Preparing For The Tears
When Death paid his visit to a strong and healthy 13-year-old, he bypassed others to whom his knock may have even been welcome. Surely among the aged and afflicted there were those who were weary of this world and longing for the next.
With our minds we easily say that God makes no mistakes, but our hearts don't embrace the shock as readily. With our minds we numbly repeat that the Lord both gives and takes away, but our hearts resist when He chooses the latter.
At the funeral, I was able to clearly see Joseph's parents. On their faces I could read the same hurts that we felt when our daughter Jenny died. I watched as their souls traversed the wide spectrum of feelings unique to the death of a child. In their silent actions I read the unmistakable weight of grief that acknowledged the finality of death. The hurt of never seeing their son again in this life could not be masked.
But on the other hand, their eyes beamed with the hope that their separation from Joseph would be ever so short. One of Joseph's Scout leaders had reported that this active and curious young man always seemed to be just one step ahead of everyone else. And his parents well knew that such was the case. Joseph was one step ahead of them once again--but they would soon catch up.
Joseph's dad tried to comfort both his wife and his own mother. He held their hands tenderly to assure them that all was well. They had set about the task of training Joseph without delay and had done all that they could in the days allotted them. And because of their labors, Joseph would safely debark on heaven's shore.

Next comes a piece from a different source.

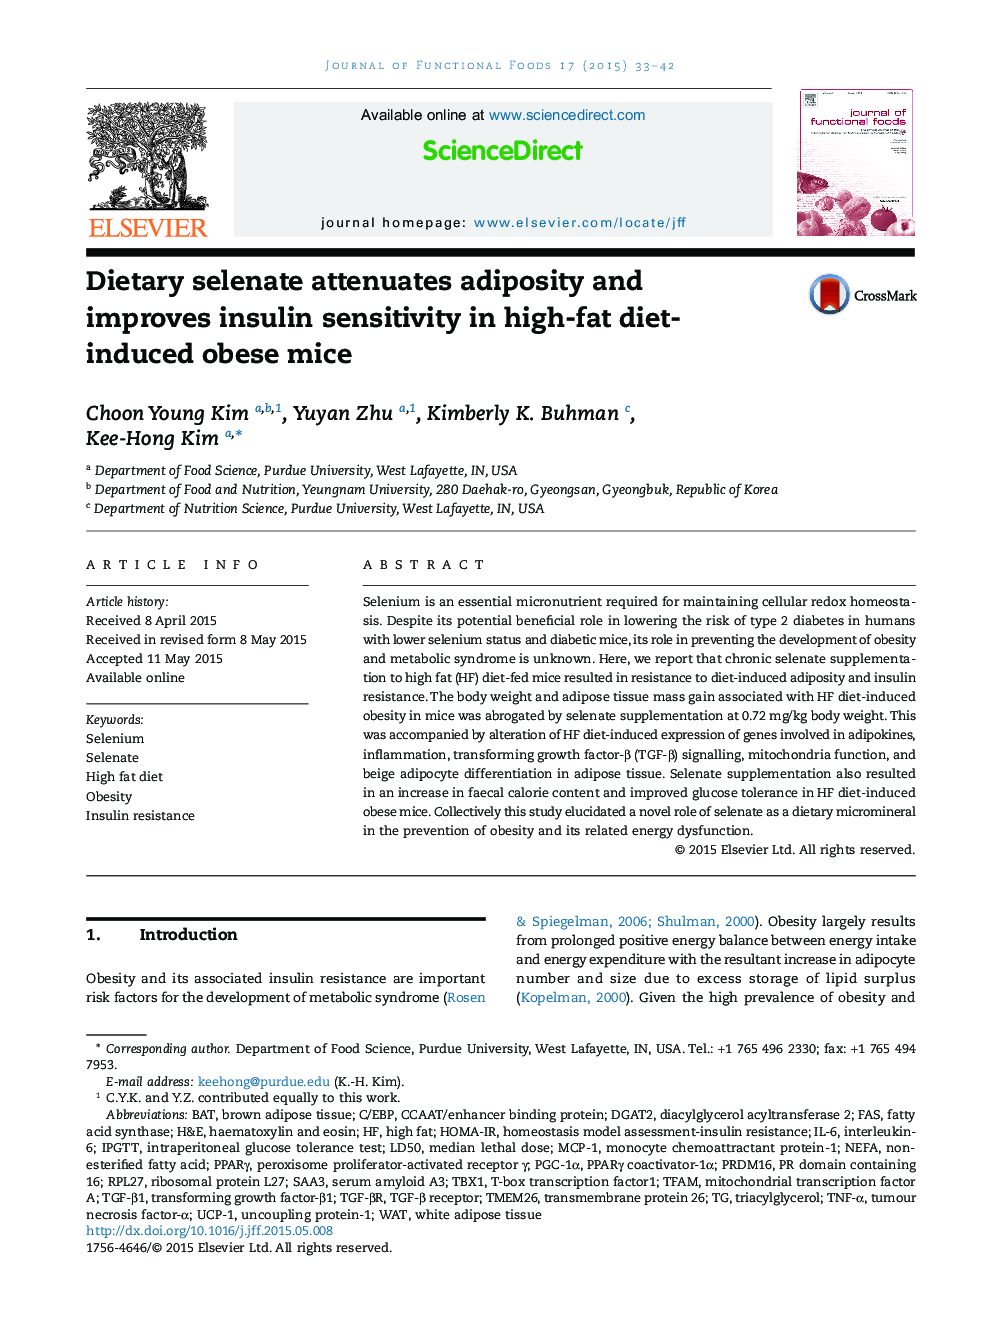 سلنیت غذایی سبب کاهش چربی و بهبود حساسیت به انسولین در موش های چاق شده ناشی از رژیم غذایی با چربی می شود

Now begins the task of concluding this chapter of their lives. And though its closing words will be penned with the ink of pain, there are other chapters yet to be written as they work through one of the most difficult of life's trials. I pray for God's mercy on them.
Joseph's death is a sobering reminder to be about the task of finishing the work that we have to do. In the process, transgression and hurts are bound to arise. But may we learn to deal with one another with tenderness and understanding.
Time and opportunity are fleeting. And when they are gone, there will be tears. But even the tears over the loss of a loved one are more easily dried than the tears of regret over having failed to do what we should have done--and could have done--while we had the chance.